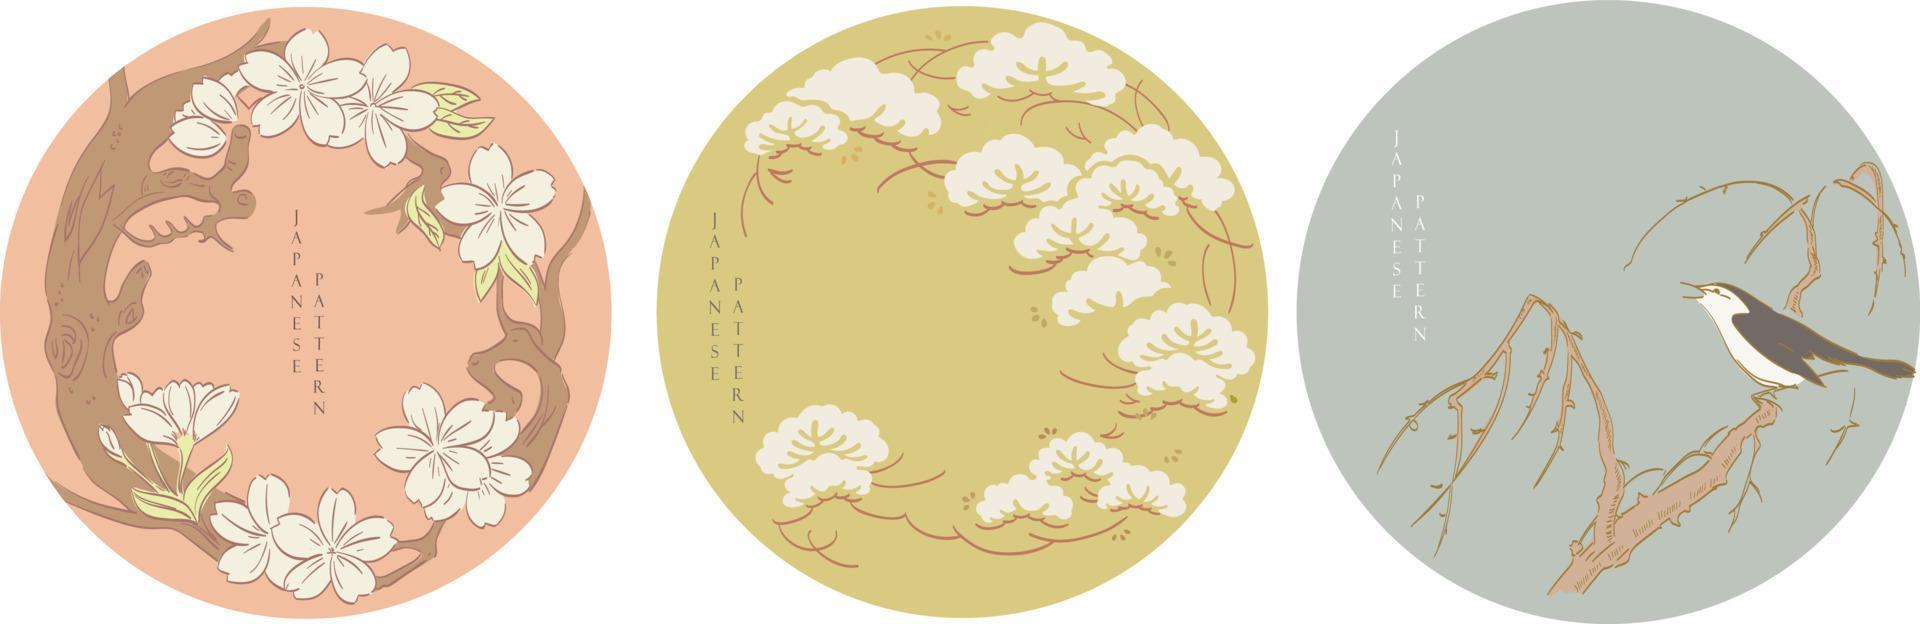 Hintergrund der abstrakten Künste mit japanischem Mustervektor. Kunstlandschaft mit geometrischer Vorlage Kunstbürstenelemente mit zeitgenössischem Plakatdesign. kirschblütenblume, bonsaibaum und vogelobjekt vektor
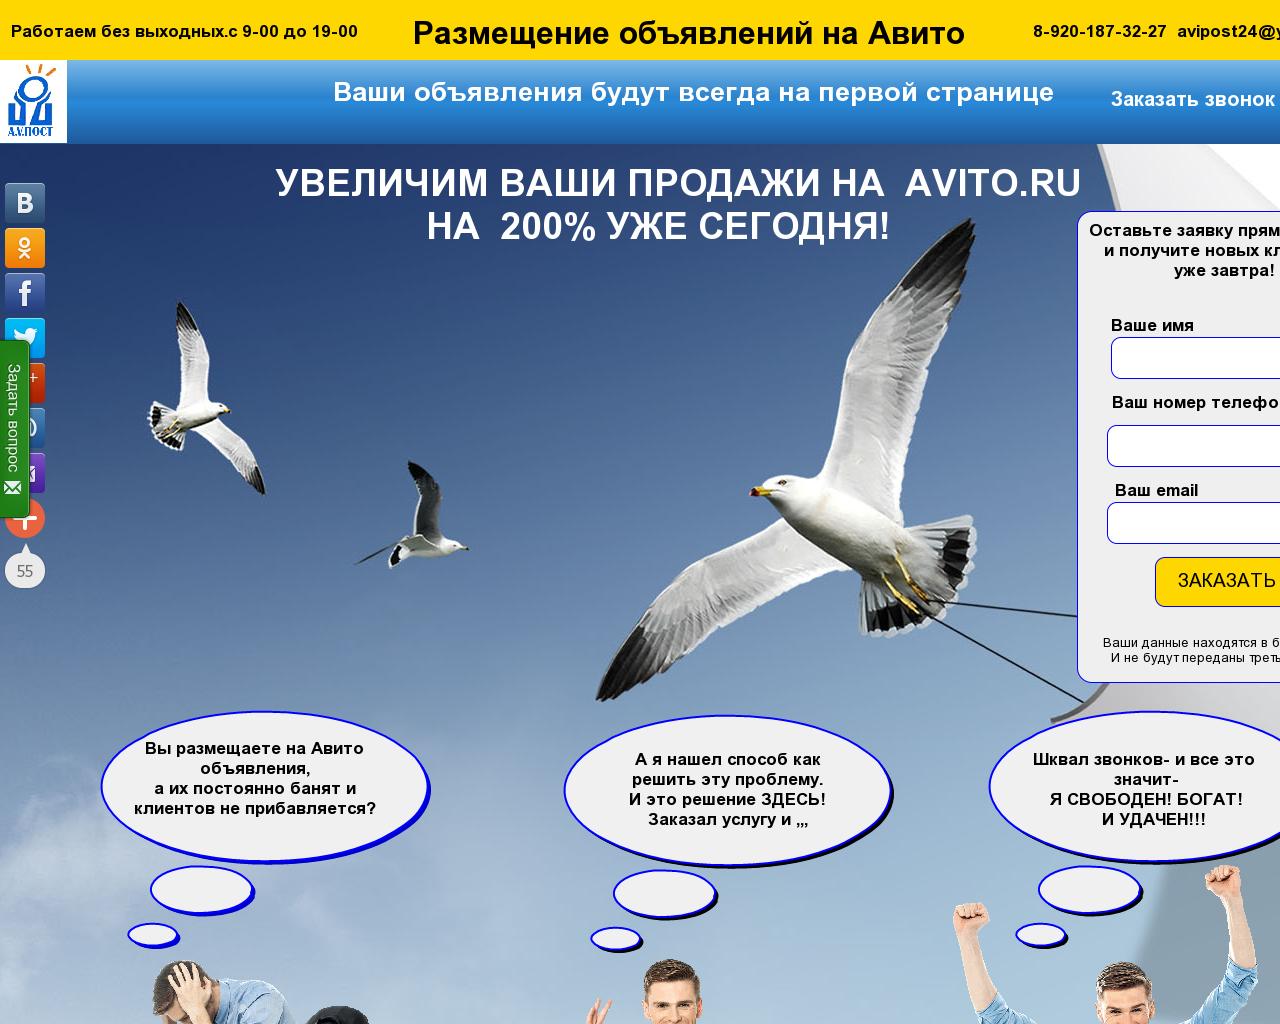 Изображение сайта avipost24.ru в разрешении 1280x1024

--

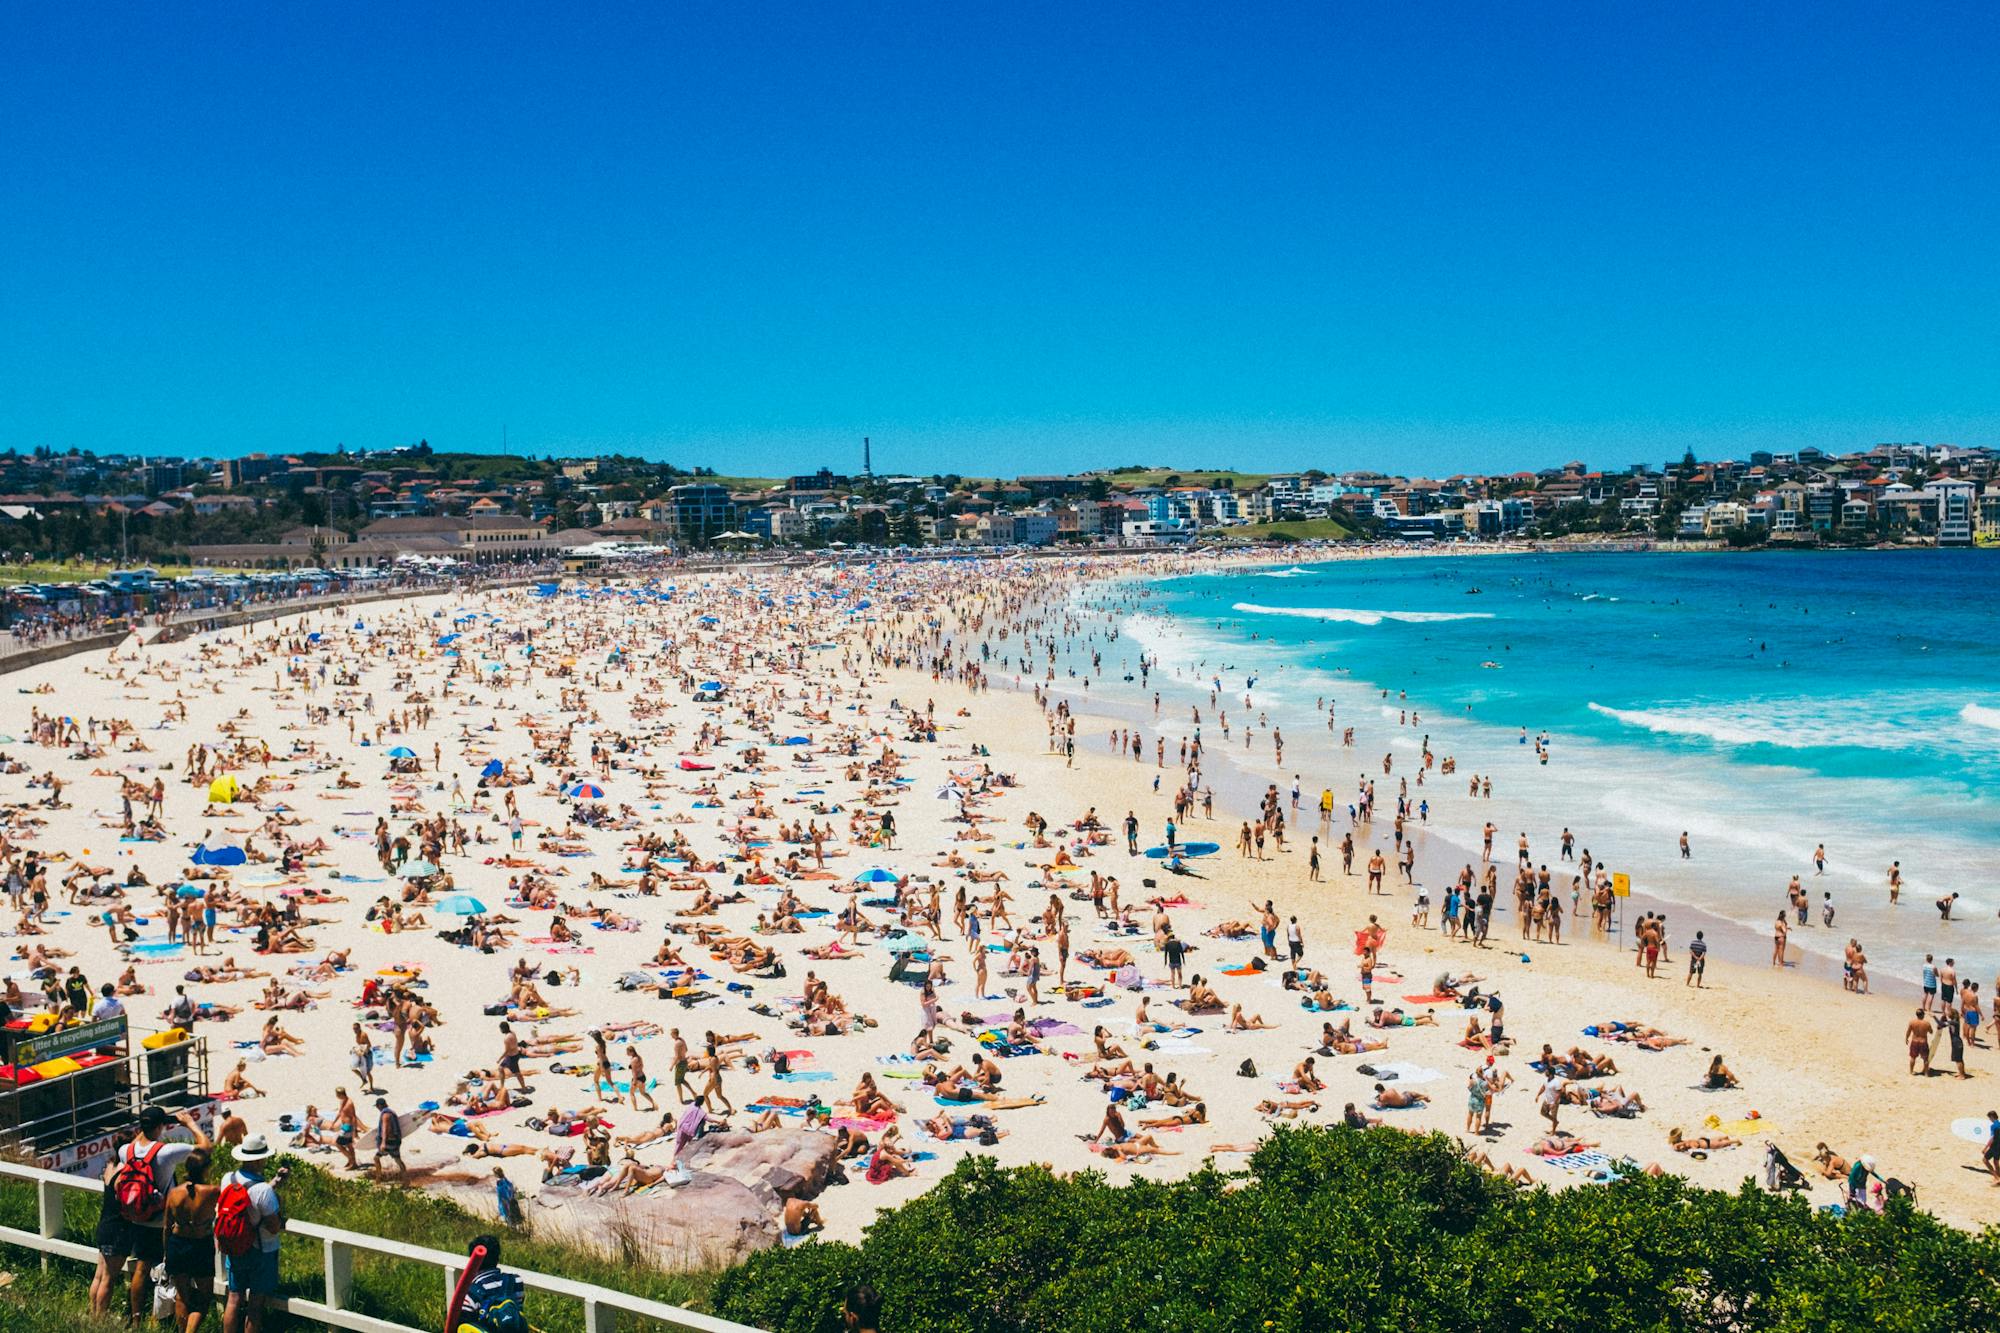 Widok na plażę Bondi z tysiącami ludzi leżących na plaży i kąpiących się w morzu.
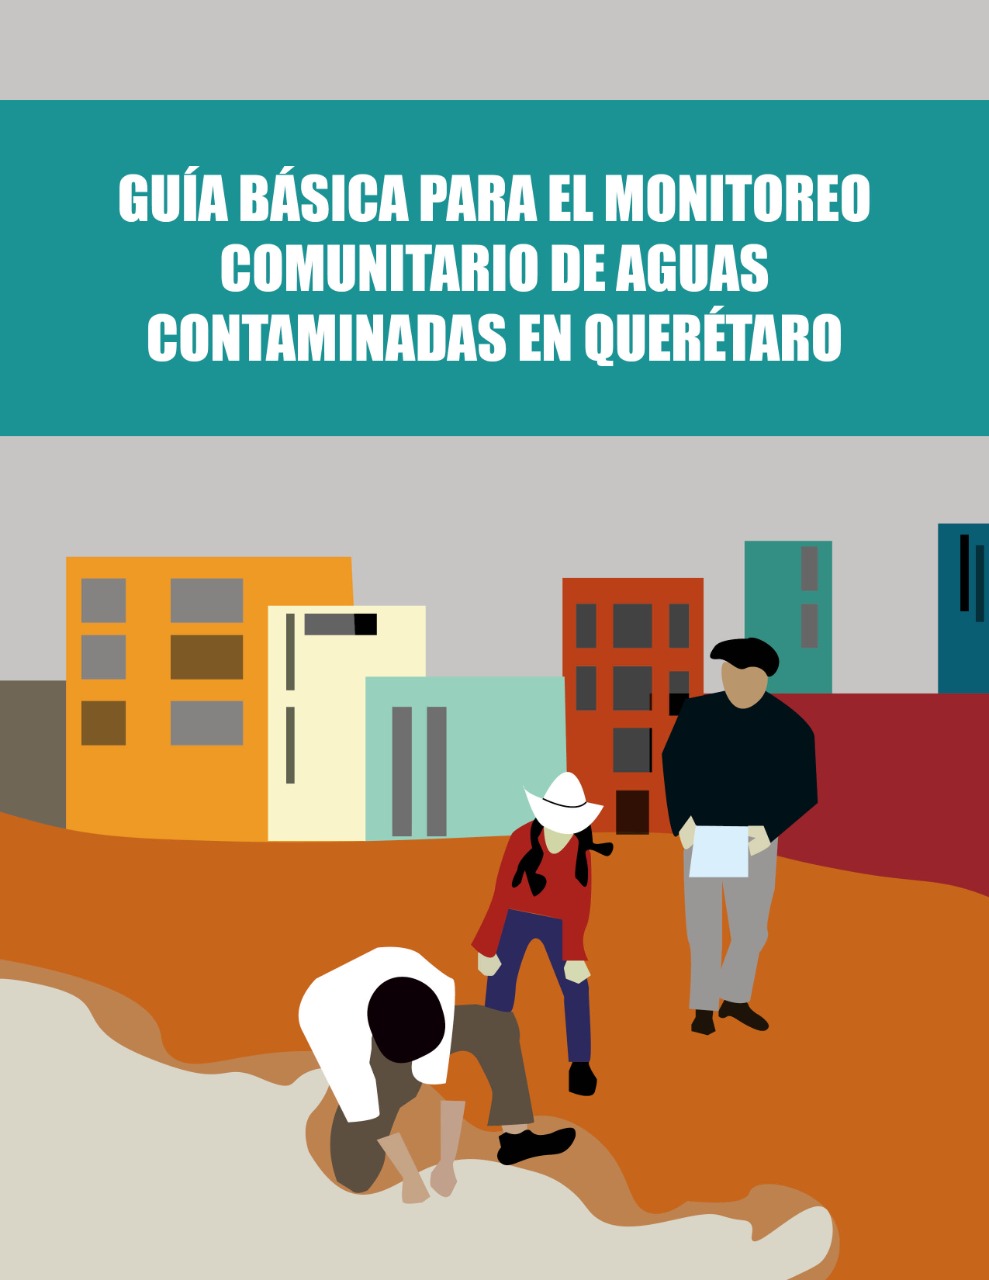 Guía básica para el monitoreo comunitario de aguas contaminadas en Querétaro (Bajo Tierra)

**Task description:**
Output only the lines above from the line that holds "Hintergrund der abstrakten" through the line that holds "Изображение сайта avipost24.ru", both ends included, and exclude pictures.

**Expected answer:**
 Hintergrund der abstrakten Künste mit japanischem Mustervektor. Kunstlandschaft mit geometrischer Vorlage Kunstbürstenelemente mit zeitgenössischem Plakatdesign. kirschblütenblume, bonsaibaum und vogelobjekt vektor
 Изображение сайта avipost24.ru в разрешении 1280x1024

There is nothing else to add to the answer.